Nina’s Internal Makeup does not try to blow the doors off the room. It works by building pressure from underneath, with sub-bass, weight, and restraint doing the heavy lifting instead of peak-time theatrics. That is exactly why it feels useful in a DJ bag: this is material for tightening a floor, not showing off to it, and Faux Poly frames it with enough discipline to make the EP feel like a deliberate tool set rather than a loose batch of club tracks.

A compact record with a clear job

Faux Poly keeps the pitch sharp. Internal Makeup is presented as four bass-driven club tools, and that compact structure matters as much as the sound design. A release built around four tracks invites a different kind of listening and programming than a sprawling EP, because every cut has to earn its place and carry its own function.

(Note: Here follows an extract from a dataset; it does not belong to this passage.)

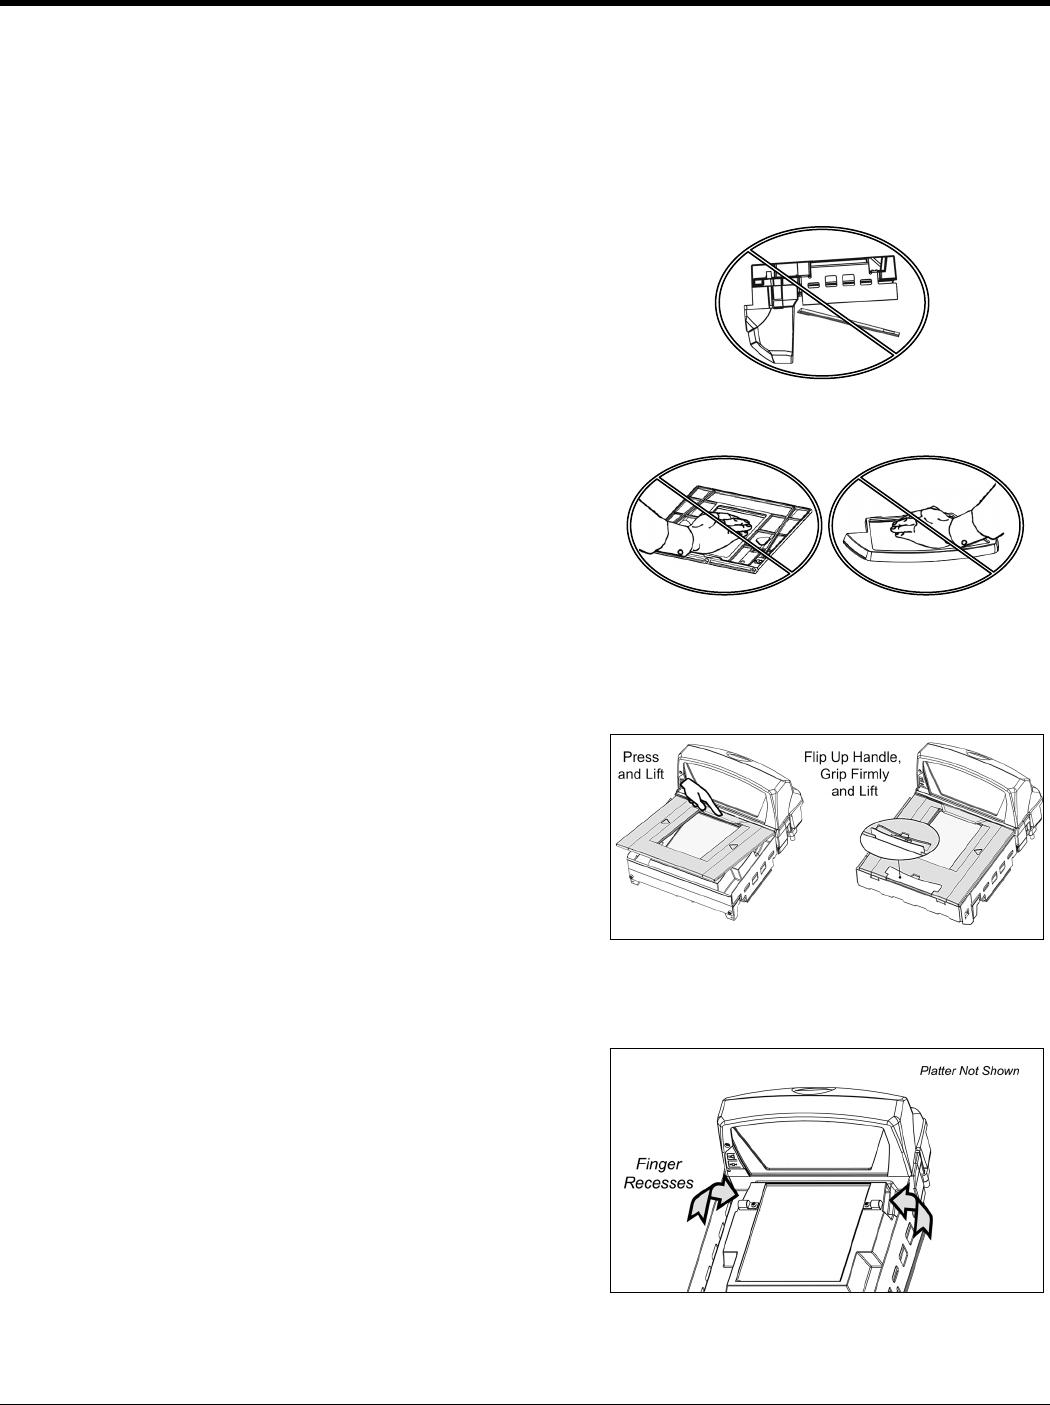 honeywell ms2421 ms2422 ms2431 bar code scanner installation and 24V Transformer Wiring Diagram 4
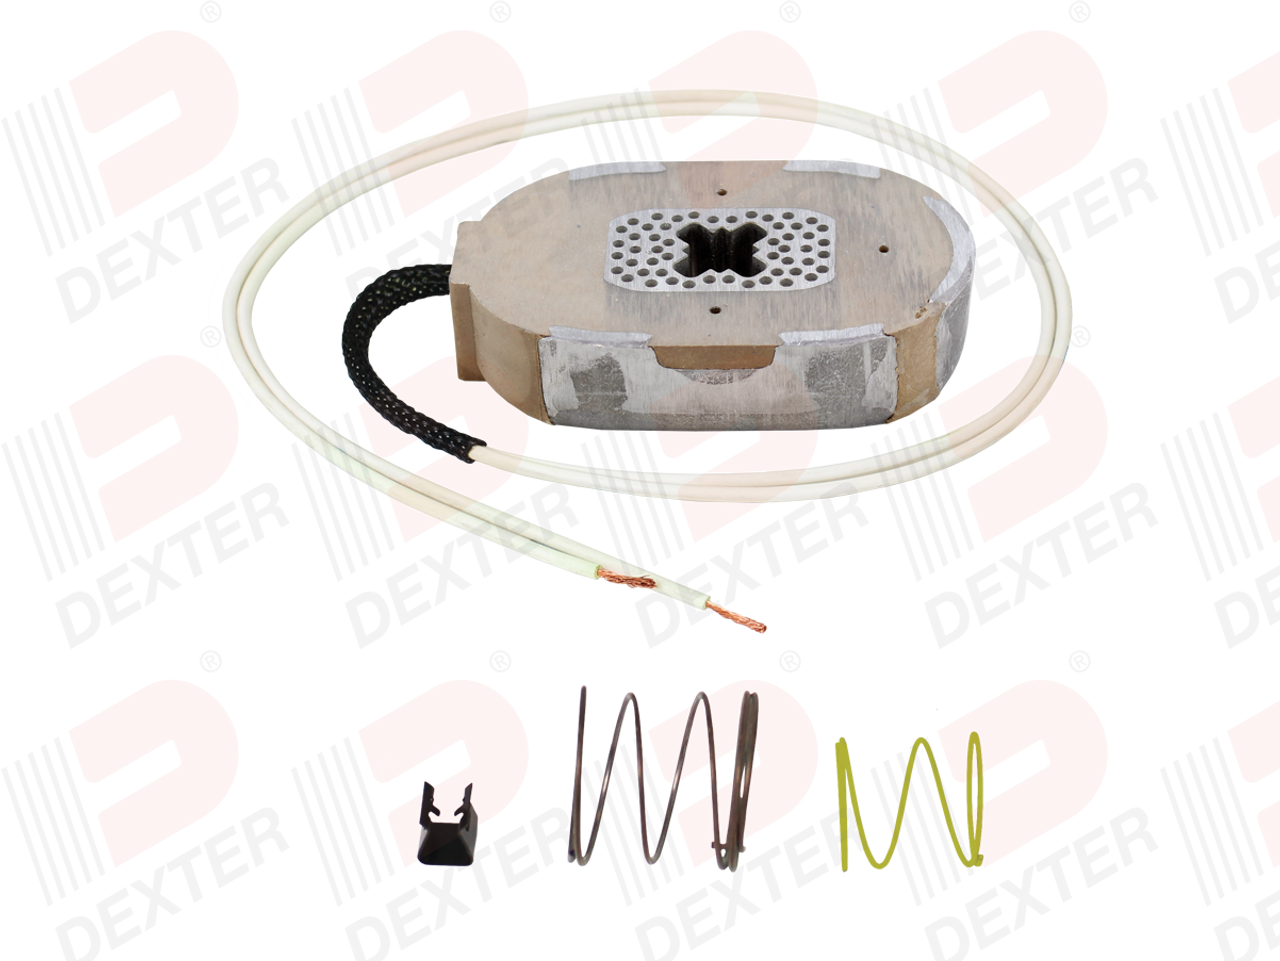 71105 --- Magnet Kit for 5,200 lb or 6,000 lb Capacity Dexter Electric Brake

The label’s own language makes the identity even clearer: this is described as a “pure distillation” of Nina’s journey so far, with the sound drawn from dub, garage, grime, and soundsystem pressure. That combination gives the record its grip. It is minimal techno in the sense that counts, not in the sense of being empty, because the point here is control, low-end architecture, and space that feels intentional rather than underwritten.

For DJs, that means the record belongs in the part of the bag you reach for when the room needs focus. It reads as durable, not disposable. The best minimal records do that trick where they stay functional on first play but reveal more detail once the system is properly working, and Internal Makeup is framed to live in that lane.

World Is On Fire sets the contrast

The opening cut, World Is On Fire, is the obvious hinge. Faux Poly identifies it as the only straight 4x4 track on the record, which gives the EP an immediate center of gravity. The label positions it as a cavernous dub-techno jam with spaced-out vocals, and that matters because it tells you the release is not chasing uniformity. One track is built to sit right on the floor, while the rest of the record leans into a lower-slung, more tensile mode.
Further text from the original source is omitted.